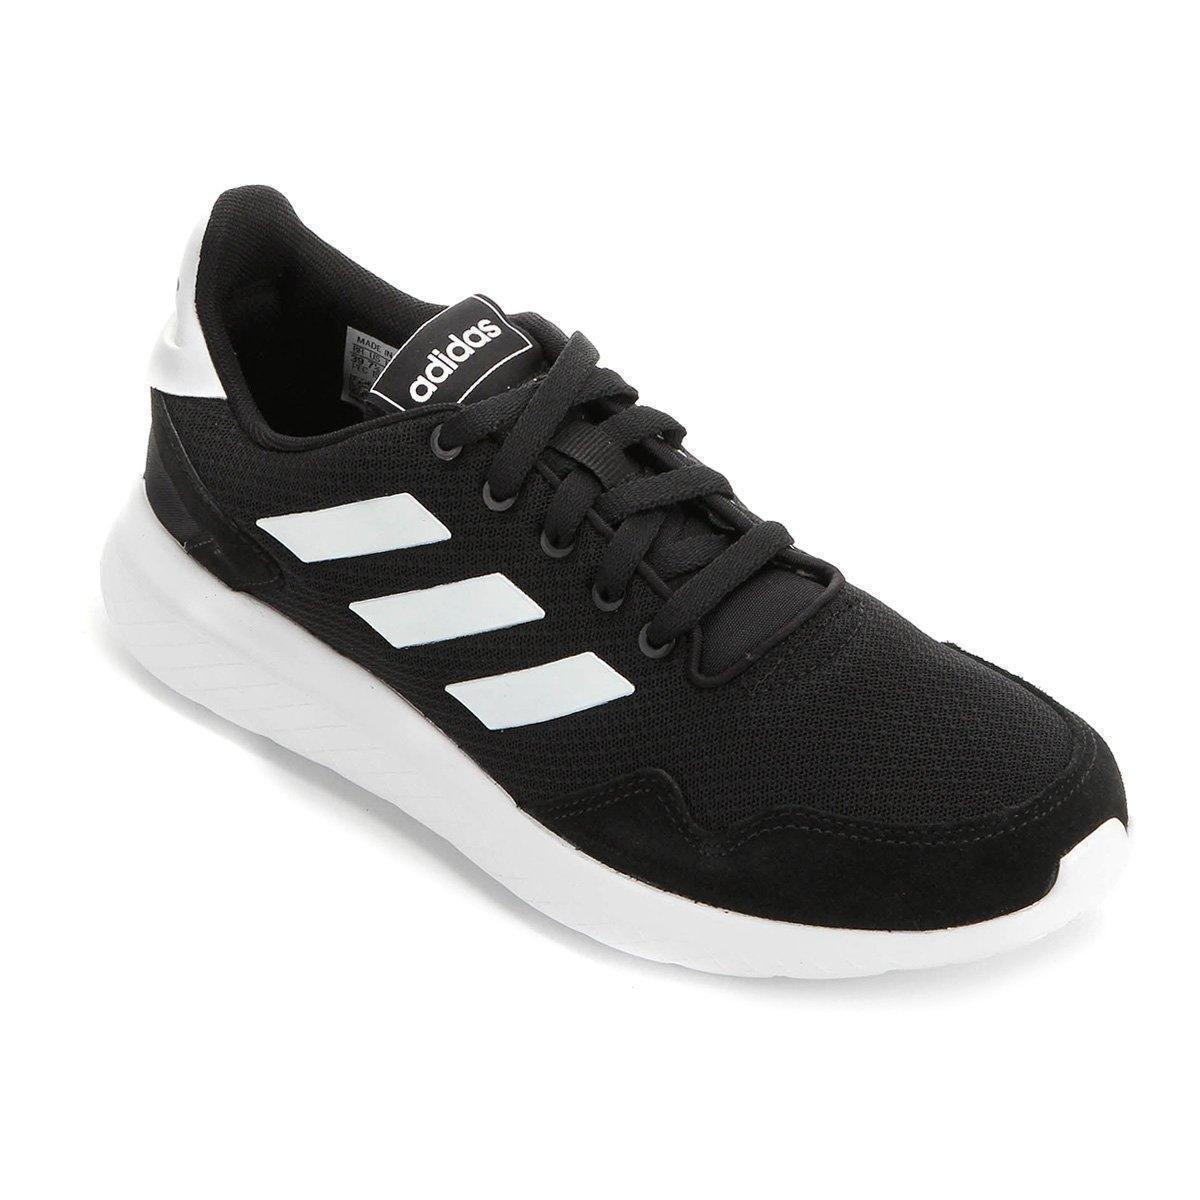 Tênis Adidas Wish - Preto
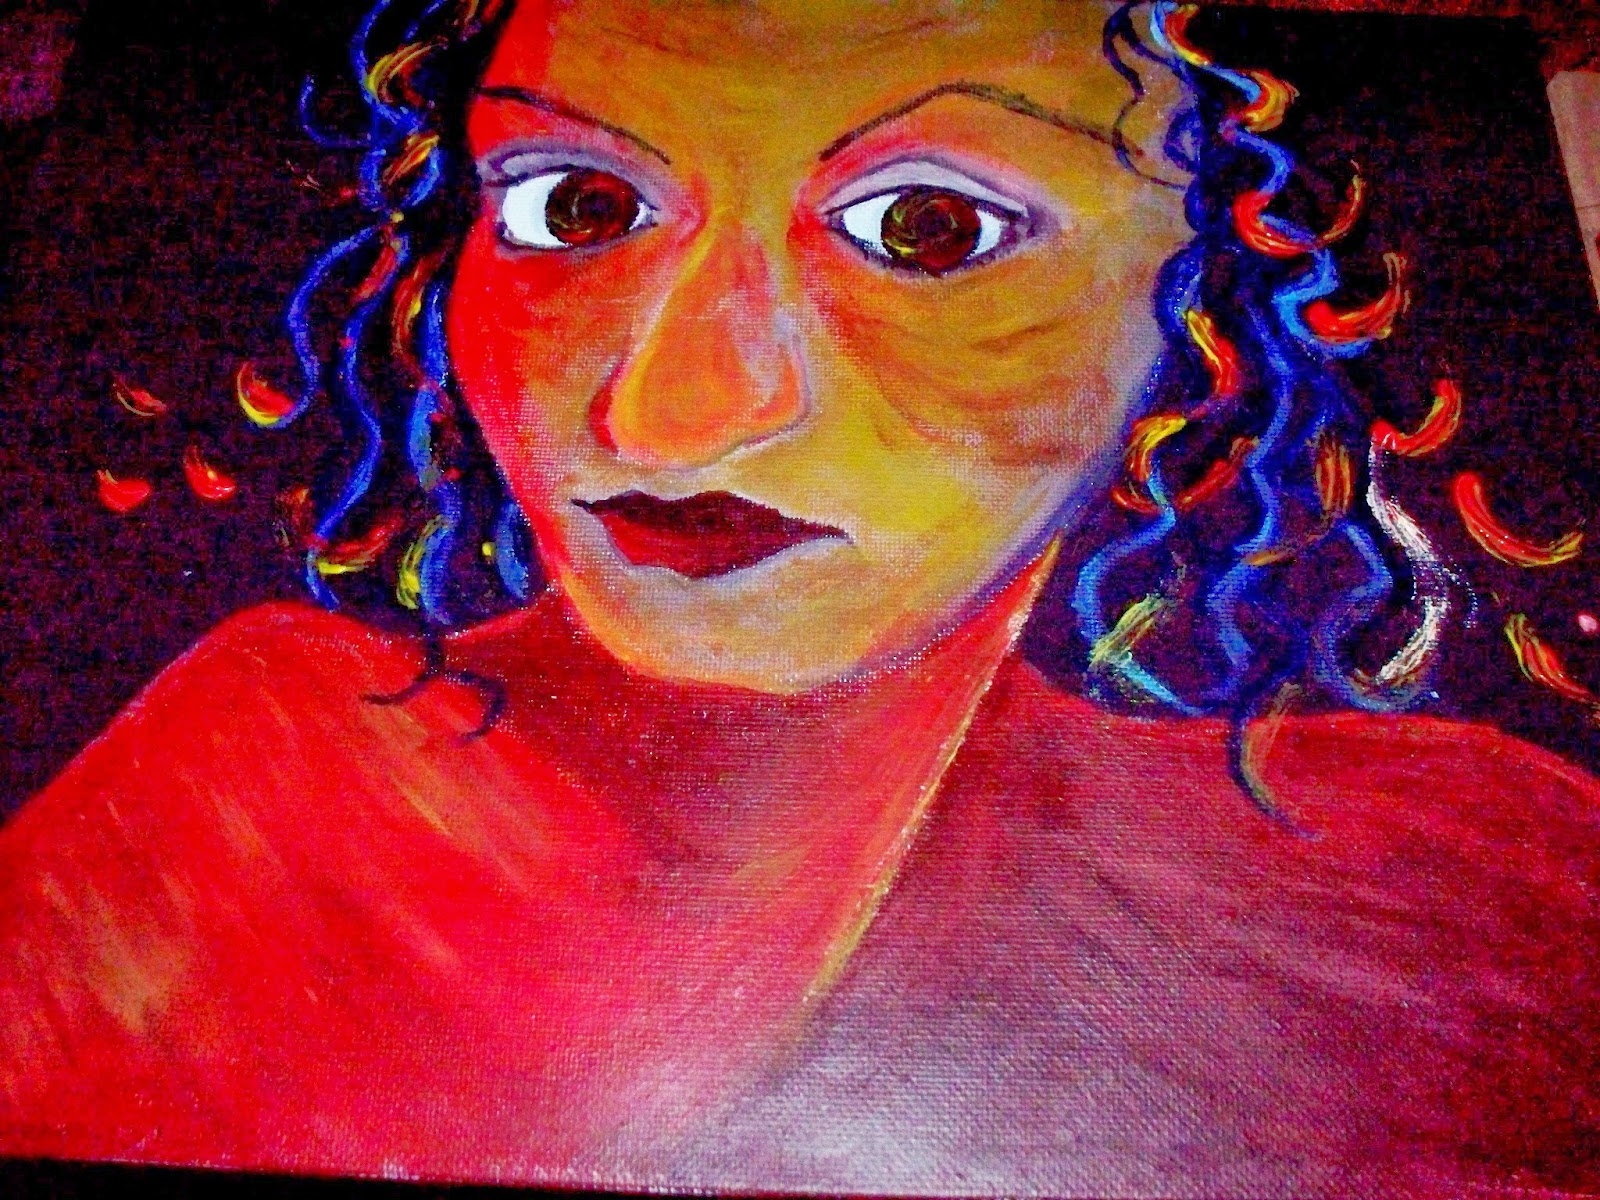 Colorful Portrait of a woman
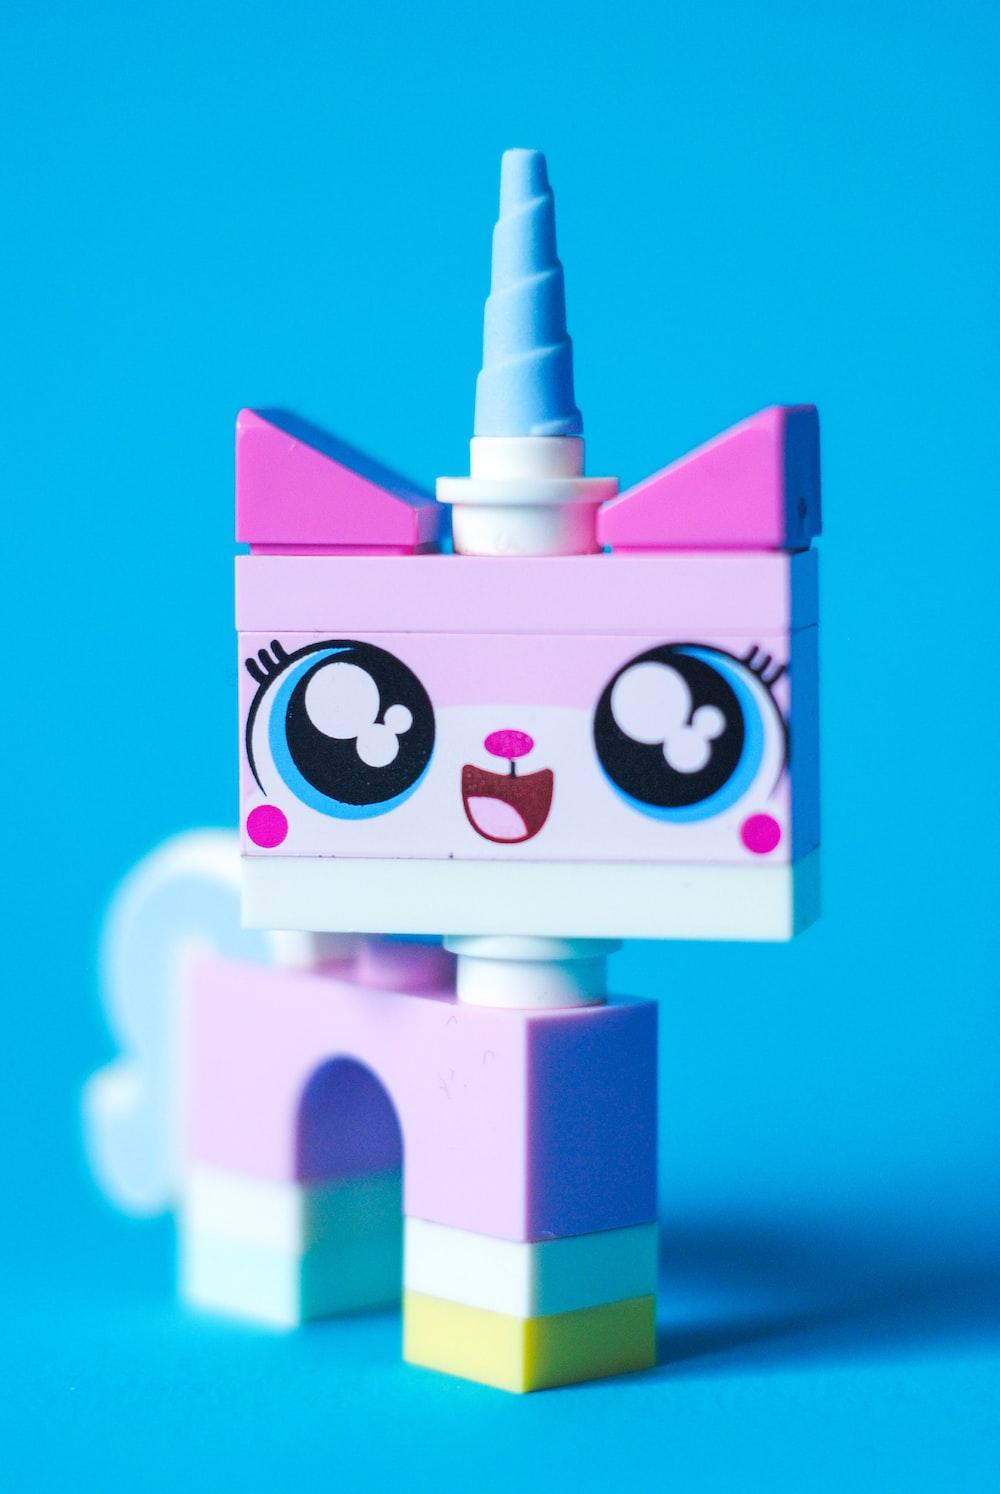 gambar unicron  54 378 unicorn stock photos pictures
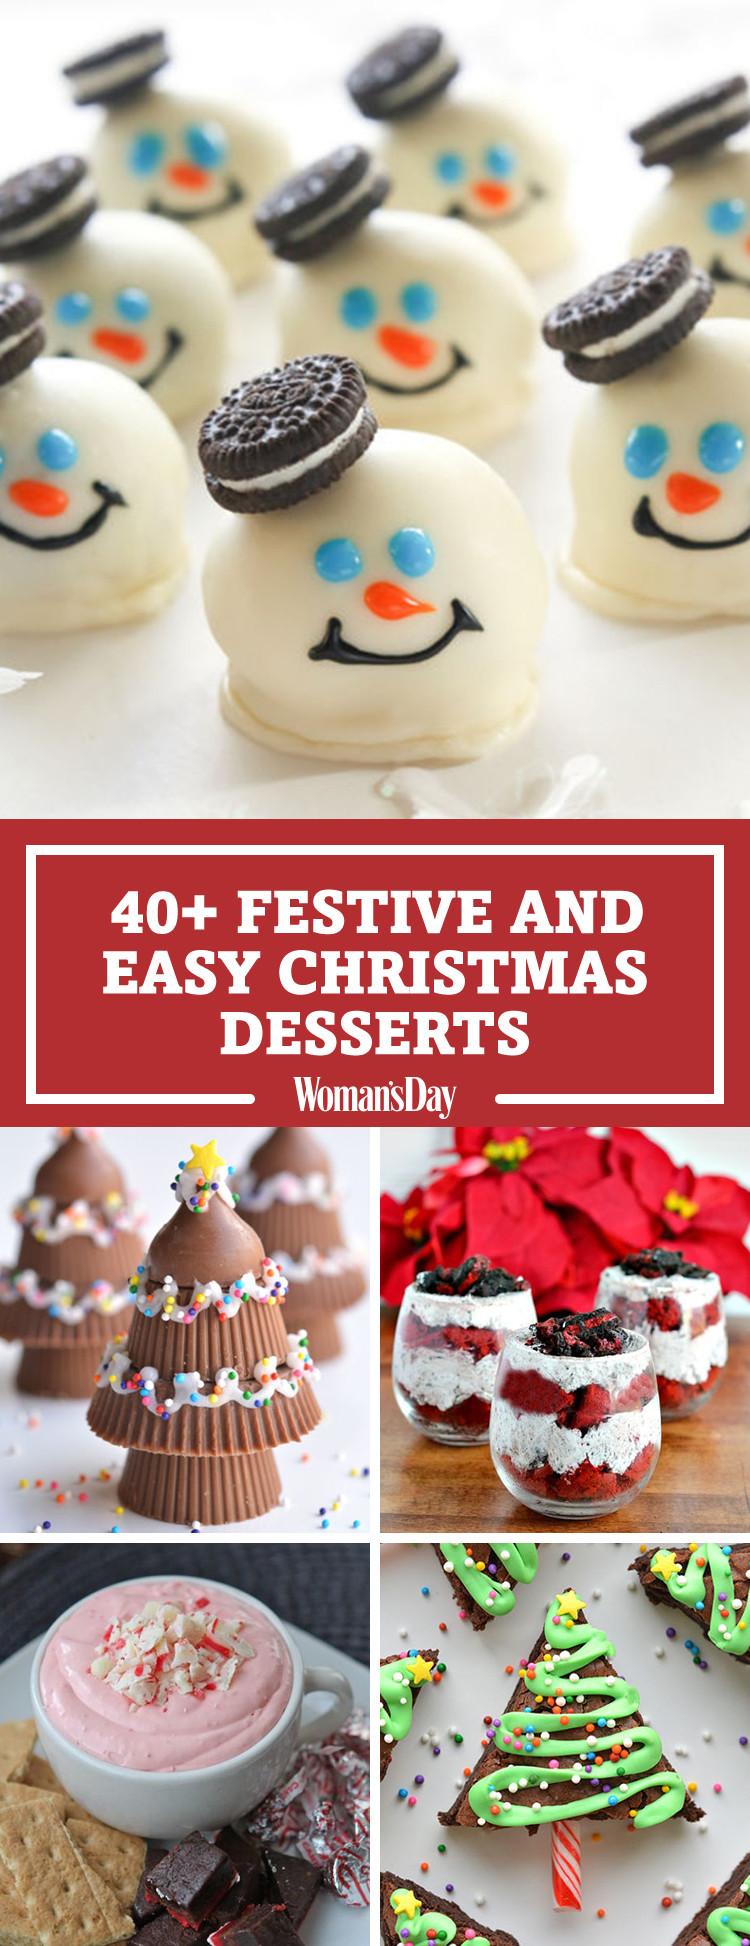 Simple Christmas Desserts Recipe  57 Easy Christmas Dessert Recipes Best Ideas for Fun
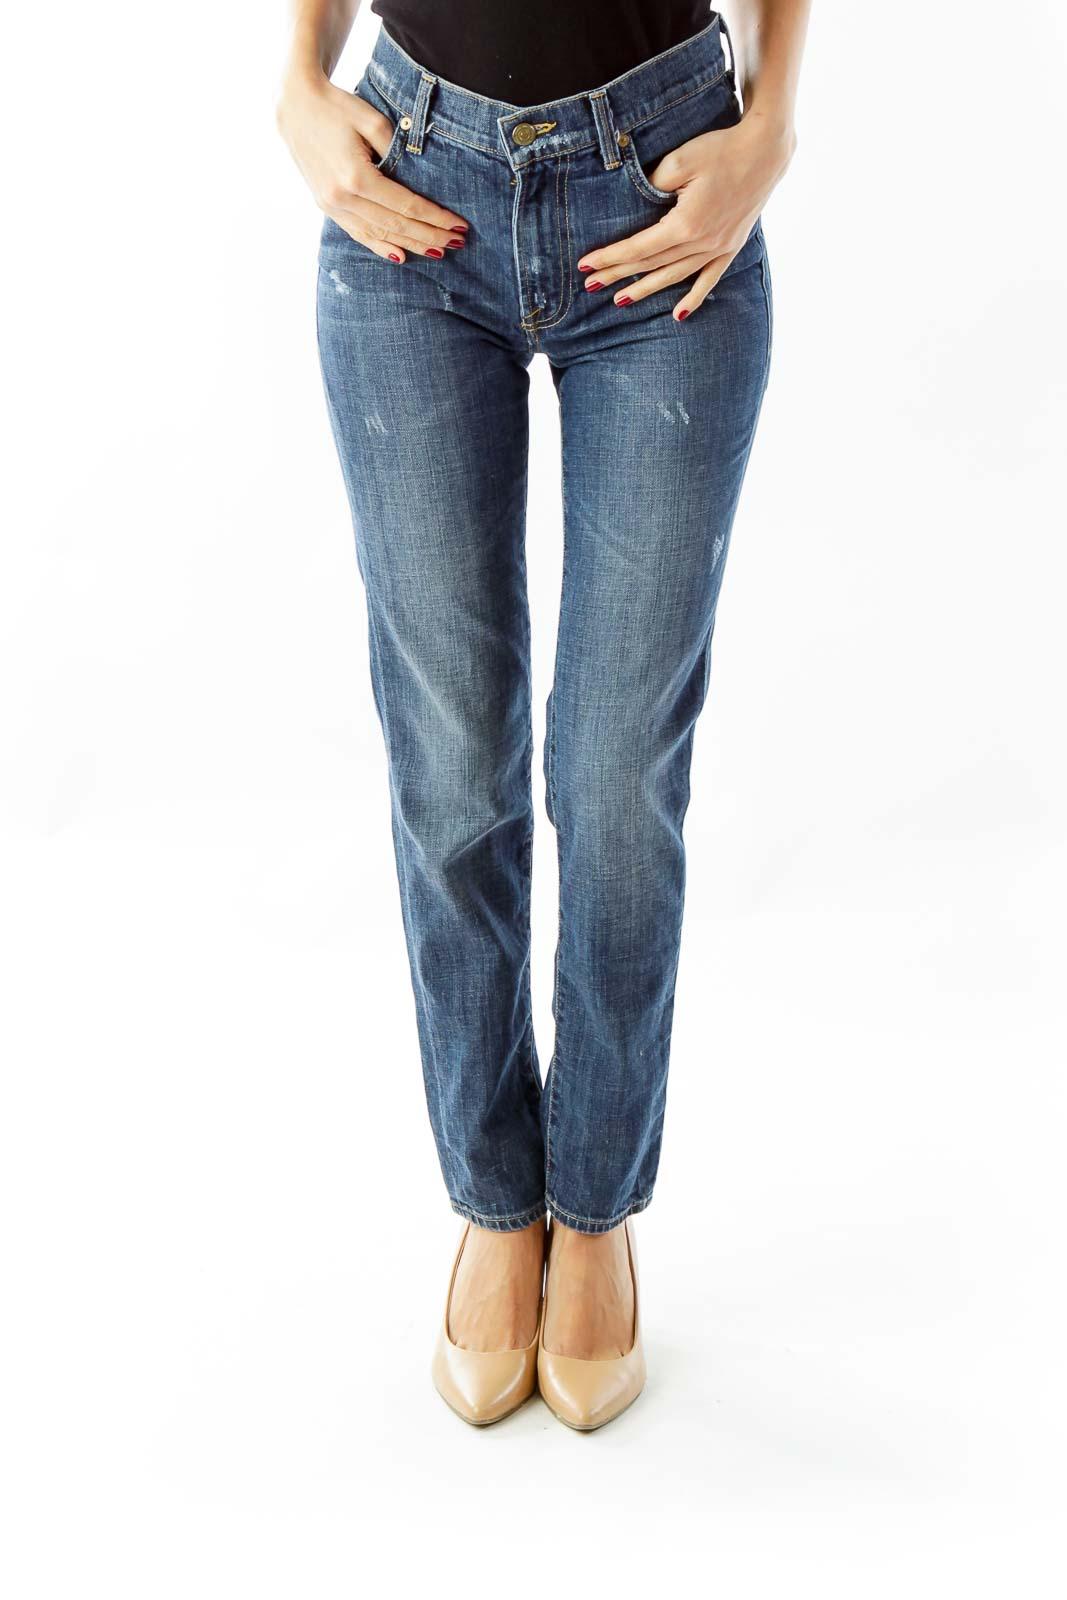 Blue Denim Straight Leg Jeans Front

########################################

## TASK GOAL
Leave the pictures out and reproduce all of the records exactly.

## RESPONSE
 Tênis Adidas Wish - Preto
 Colorful Portrait of a woman
 gambar unicron  54 378 unicorn stock photos pictures
 Simple Christmas Desserts Recipe  57 Easy Christmas Dessert Recipes Best Ideas for Fun
 Blue Denim Straight Leg Jeans Front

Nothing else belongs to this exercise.